Update: I was feeding my model way too much data for a simple task

I was building a tool to sort support tickets for a small shop in Boise, and I kept adding more training examples thinking it would get smarter. After three weeks, my friend asked me why it needed 10,000 examples just to tell if a ticket was about shipping or a broken item. That question made me stop and check the results, and the model was basically just memorizing the examples instead of learning the simple rule. Has anyone else found that a smaller, cleaner dataset actually works better for these basic classification jobs?

3 comments

3 Comments

sarah1982mo ago

Totally agree with your friend's question. That's the classic "more data is better" trap. Your model was just memorizing tickets instead of learning the simple pattern.
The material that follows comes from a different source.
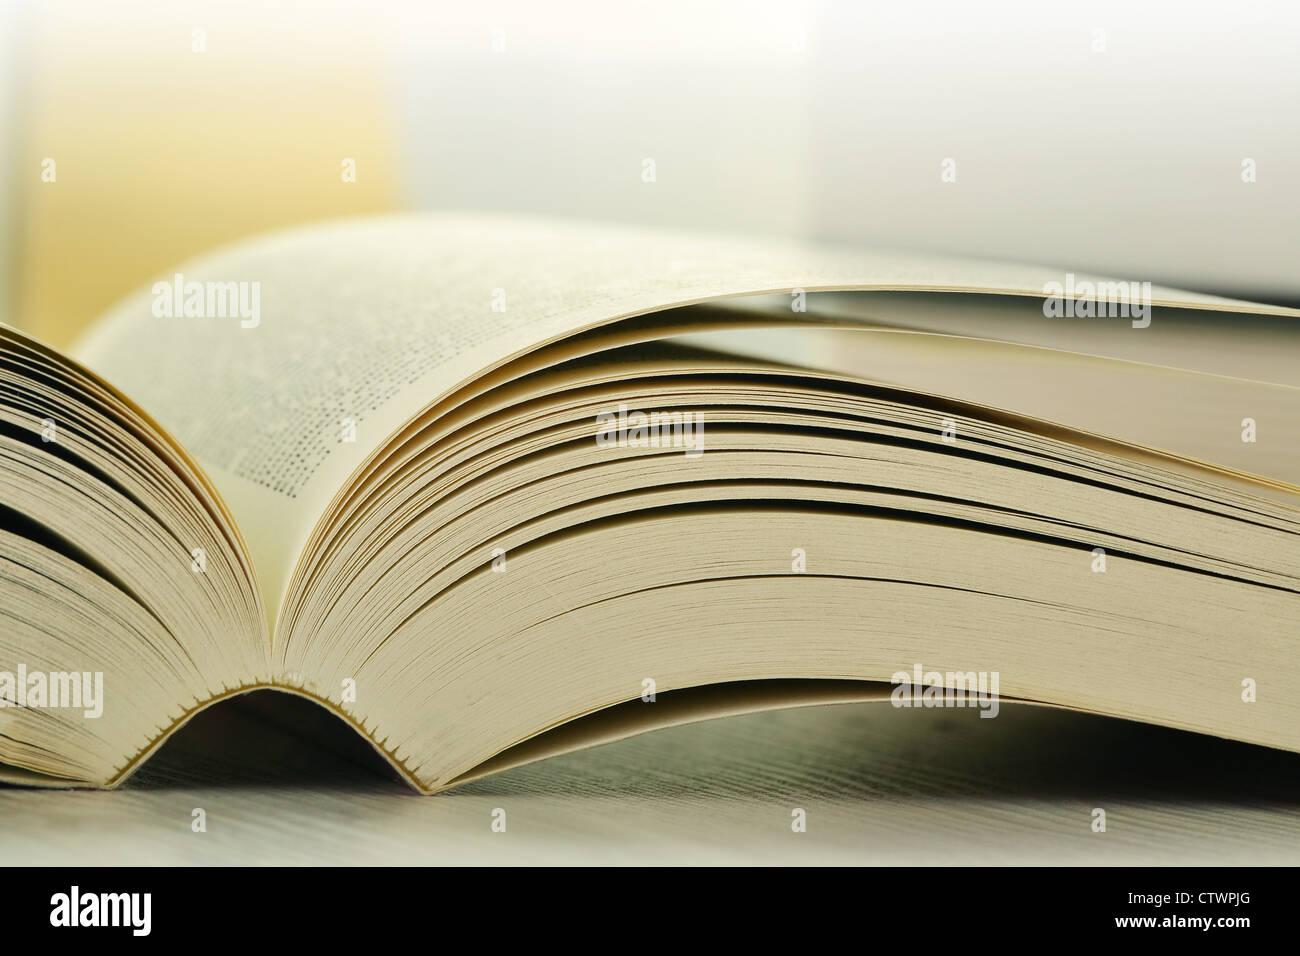 La composition avec des livres sur la table Photo Stock

For a basic job like sorting two things, a tiny set of clear examples is all you need. It forces the model to actually find the rule. I've seen this happen so many times.

elizabeth4381mo ago

That Clark guy's spam story is spot on. Clean data beats big data every time.

clark.iris2mo ago

I read a blog post last year about a guy who trained a model to spot spam emails. He started with 50,000 messages and the thing was a mess, but when he cut it down to just 500 really clear examples it worked almost perfectly. It's easy to think more data is always better, but for a simple yes or no job, the model just gets lost in the noise. You probably only needed a few hundred good tickets to teach it the difference between shipping and broken items.

-1